The popular venom is a grisly indicator of the magnitude of doctor-patient tensions.
The market reform of hospitals is mainly to blame for public distrust of doctors, many of whom regularly prescribe overpriced and unnecessary medicine for kickbacks, and order expensive unnecessary tests. Their salaries are linked to hospital profits.
But what the public often does not know is that doctors also over-prescribe antibiotics or tests to shield themselves from potential liability claims.
Creeping cynicism makes doctors wary of risks in treating patients. That attitude, however, arouses the suspicion that they are shirking responsibilities.
Even if doctors need to make amends for their mistakes, this doesn't justify lynching or humiliating them, as some patients and their relatives occasionally have done.
On March 16, a dozen doctors from a hospital in Hengshan County, Shaanxi Province, prostrated themselves and grieved at a mourning service held in honor of an old man they had treated for food poisoning. He had died a week ago of stomach perforation caused by staff malpractice.
Angry relatives made the doctors repeatedly kowtow to pay condolences. As if the public humiliation were not enough, they ordered the hospital closed until it cleaned up its acts, despite the fact that they had no right to do so. The hospital's chief said he complied because the family is well-connected.
Call to reason
The hospital reopened after local authorities intervened and mediated the row.

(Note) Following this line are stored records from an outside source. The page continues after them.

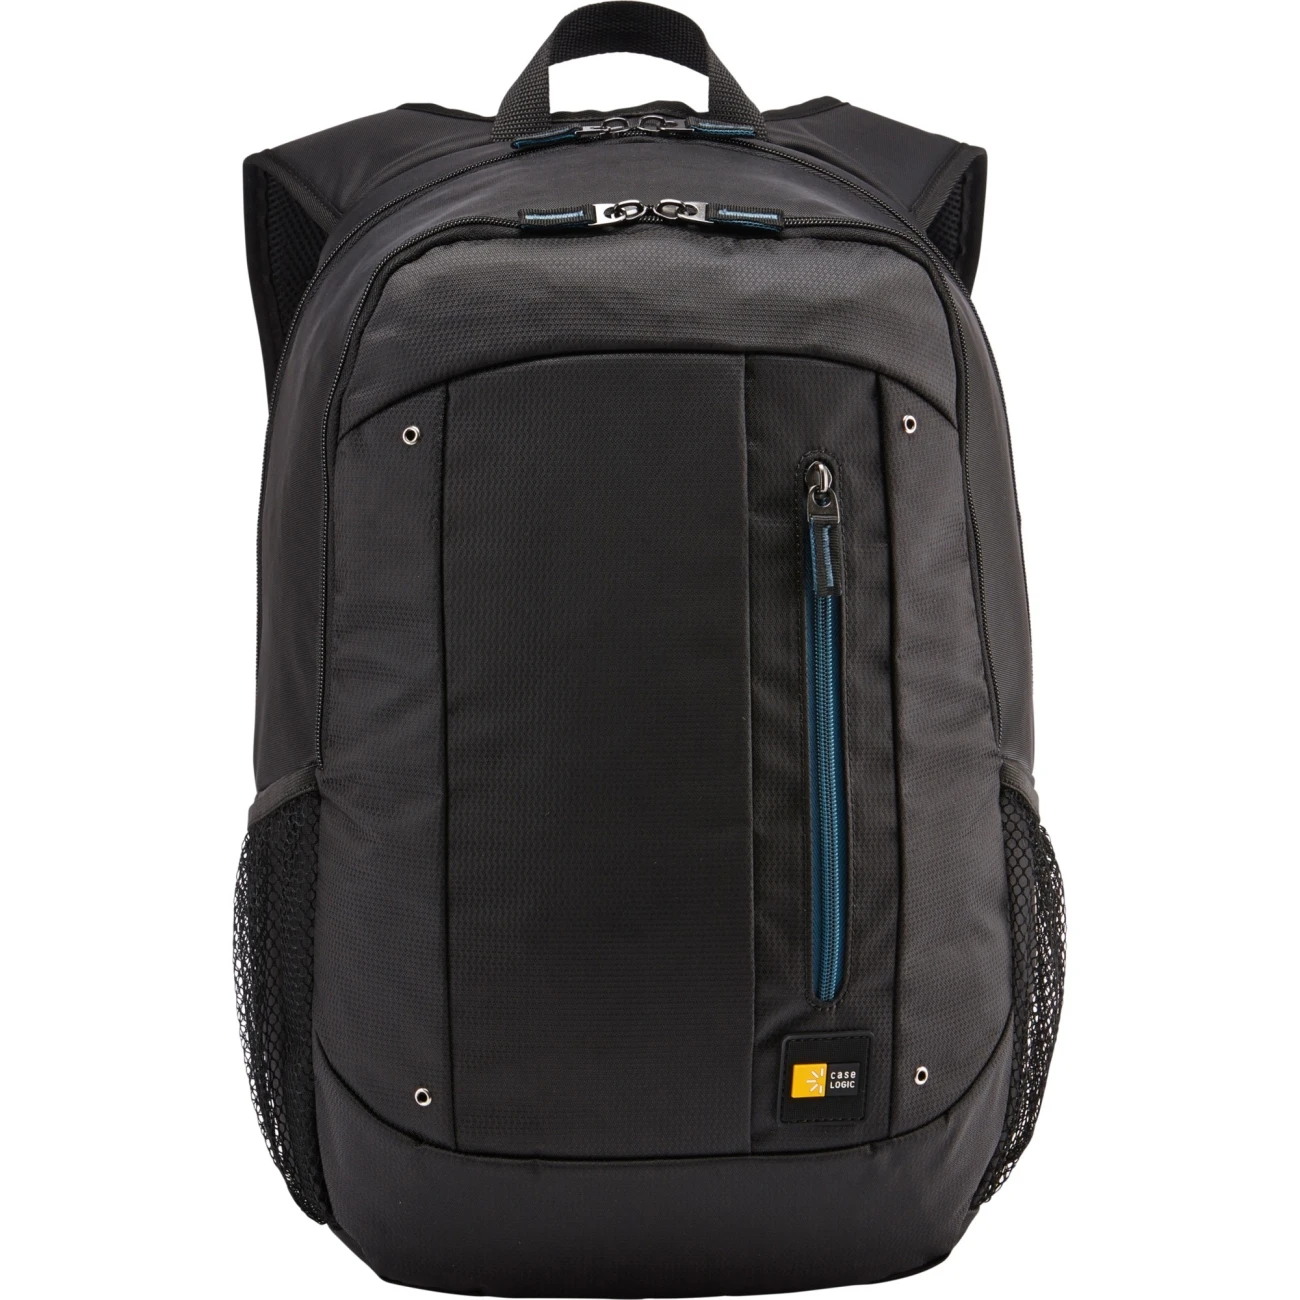 Waterproof Outdoor Sport Lightweight backpack bag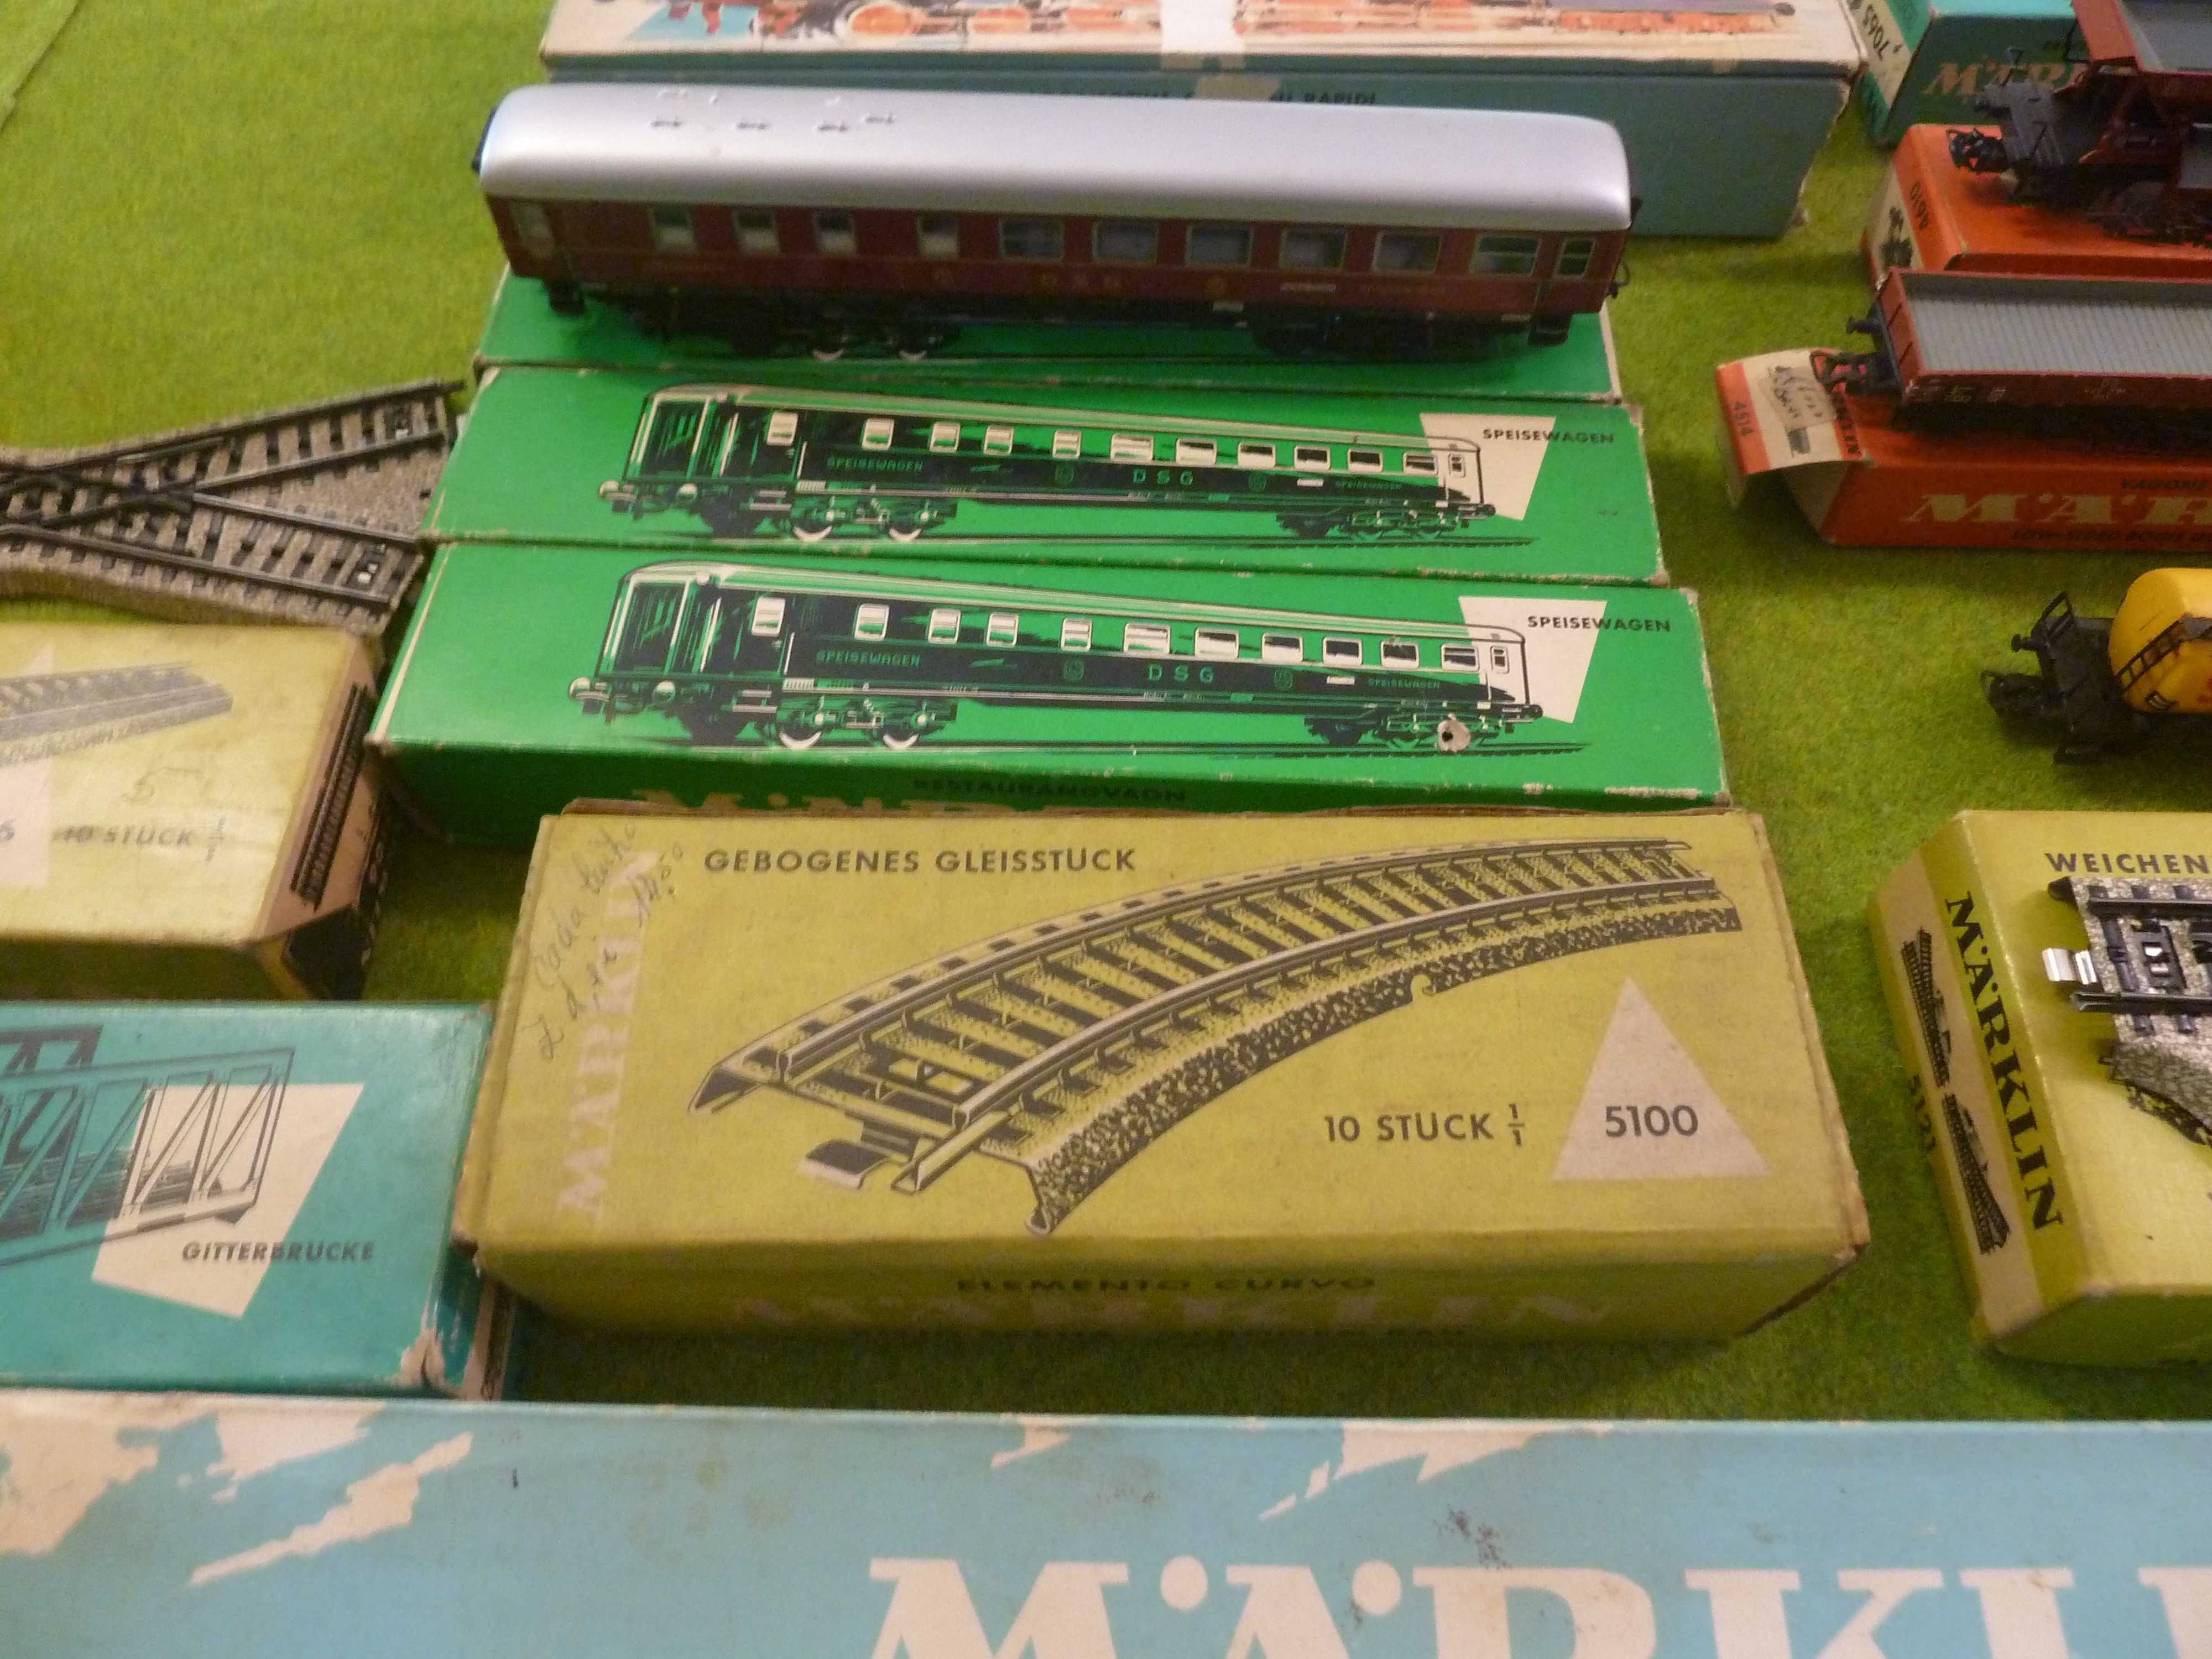 Marklin - Comboio de colecção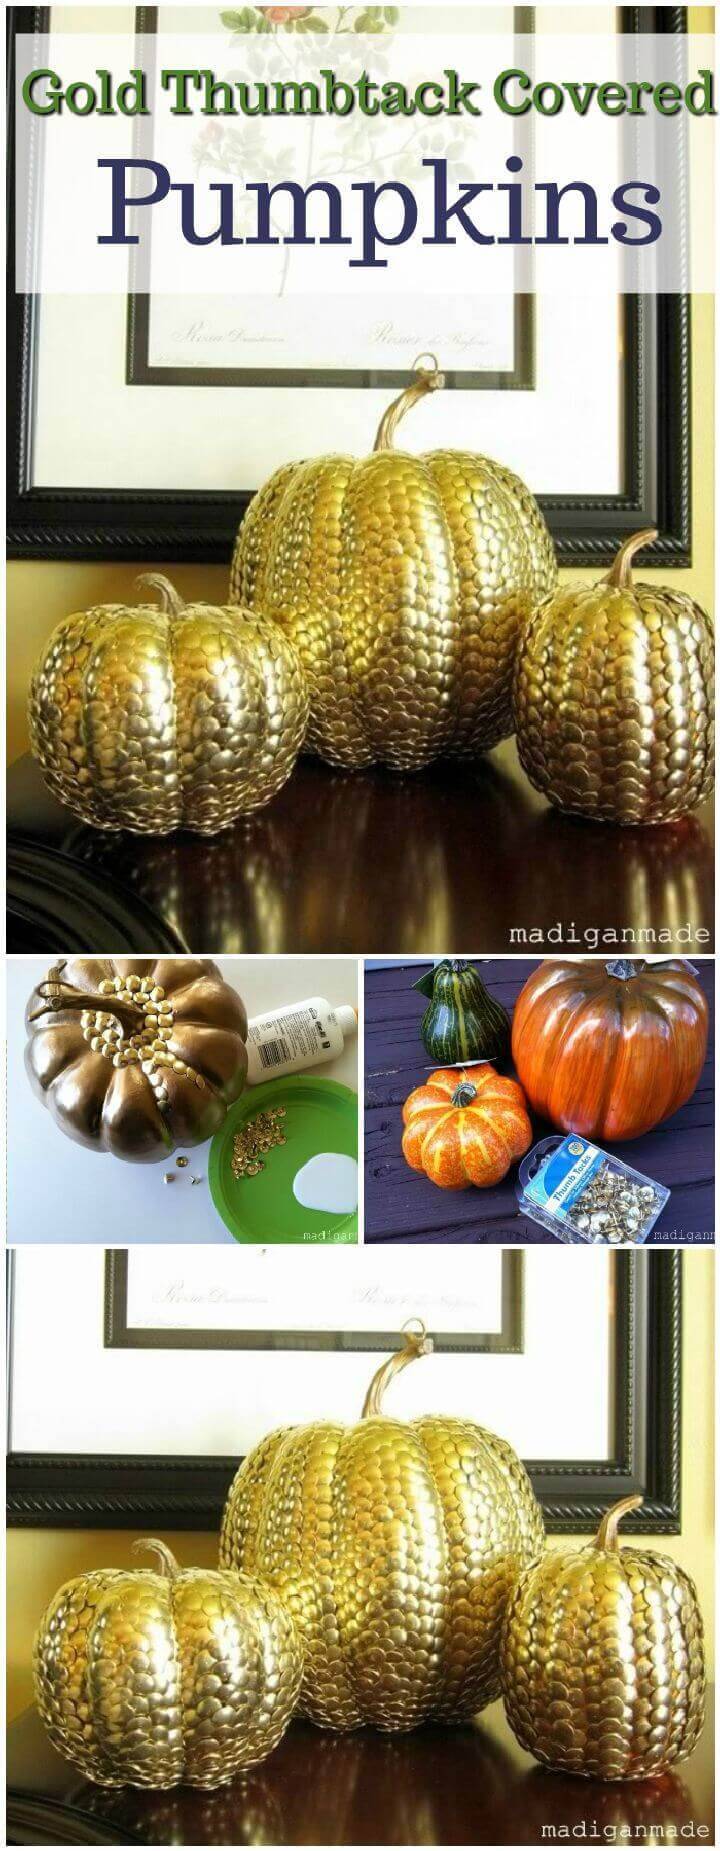 Gold Thumbtack Covered Pumpkins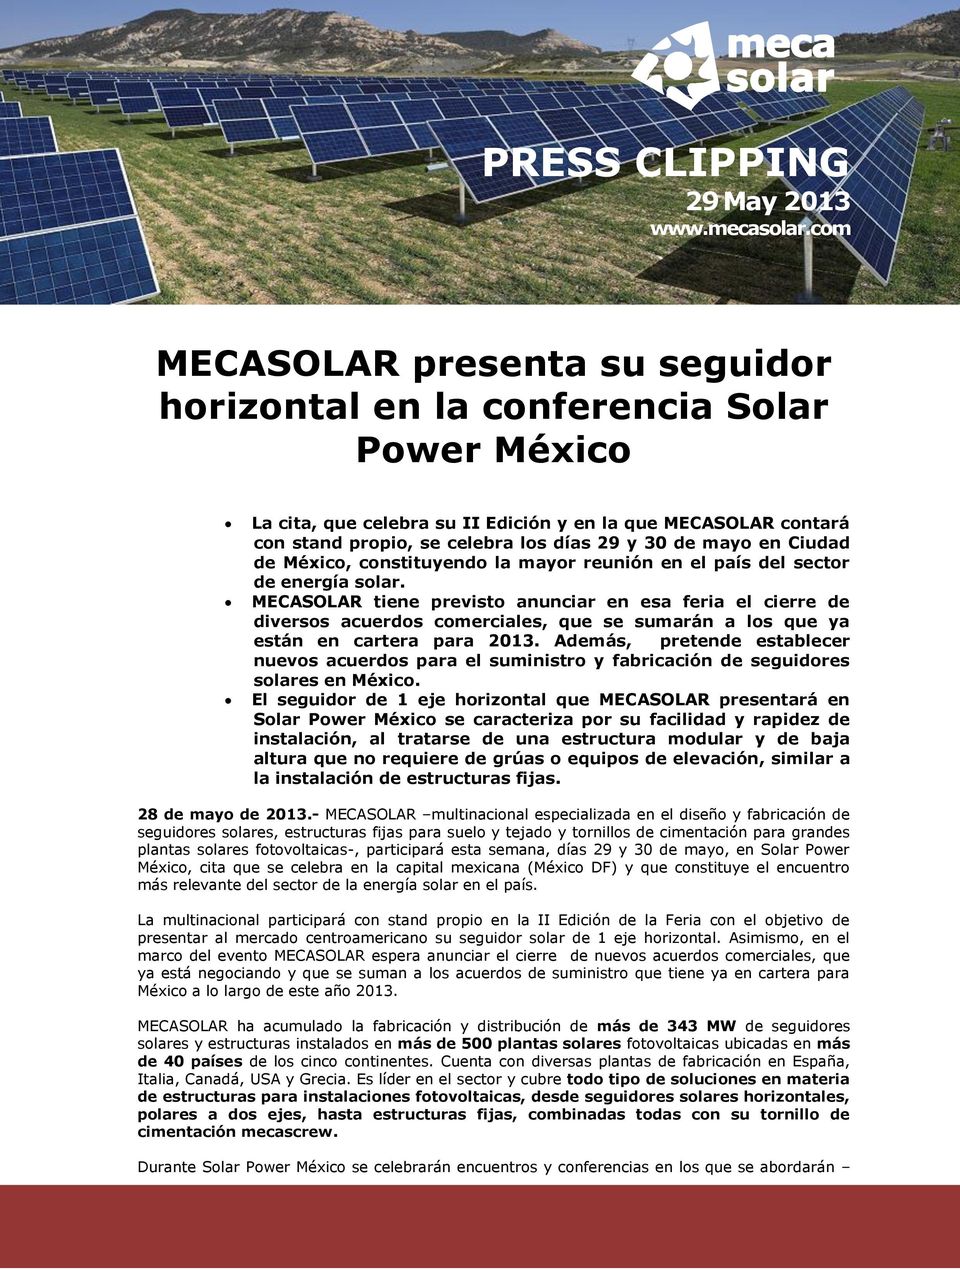 mayo en Ciudad de México, constituyendo la mayor reunión en el país del sector de energía solar.

Under the new joint circular released by the ministries, the family could have been punished for intimidation.
Tu Jianshe, deputy head of the Office of Mediation of Medical Disputes in Pudong New Area, was quoted in the Xinmin Evening News as saying that "we cannot conflate ordinary medical rows with those incited by yi nao.
"Medical altercations need to be legally addressed, but blackmail attempts are to be cracked hard down upon," he said.
It's worth asking how the relations between doctors and patients have got so tense, but it's obvious the reasons are too complex to invite easy conclusions on which party is more to blame.
Many Internet users complain that the new circular has weakened the patients' position, but as a matter of fact, it represents a timely call to reason.
And it's in the best interest of patients and their families to take their cases to court - even though litigation is currently flawed - instead of going on a knife rampage. Distrust works both ways. Medicine used to be a noble calling. But as the occupational risks are getting higher, young people are discouraged from practicing medicine.
When there aren't enough doctors around, it will be too late for society to repent its virulence.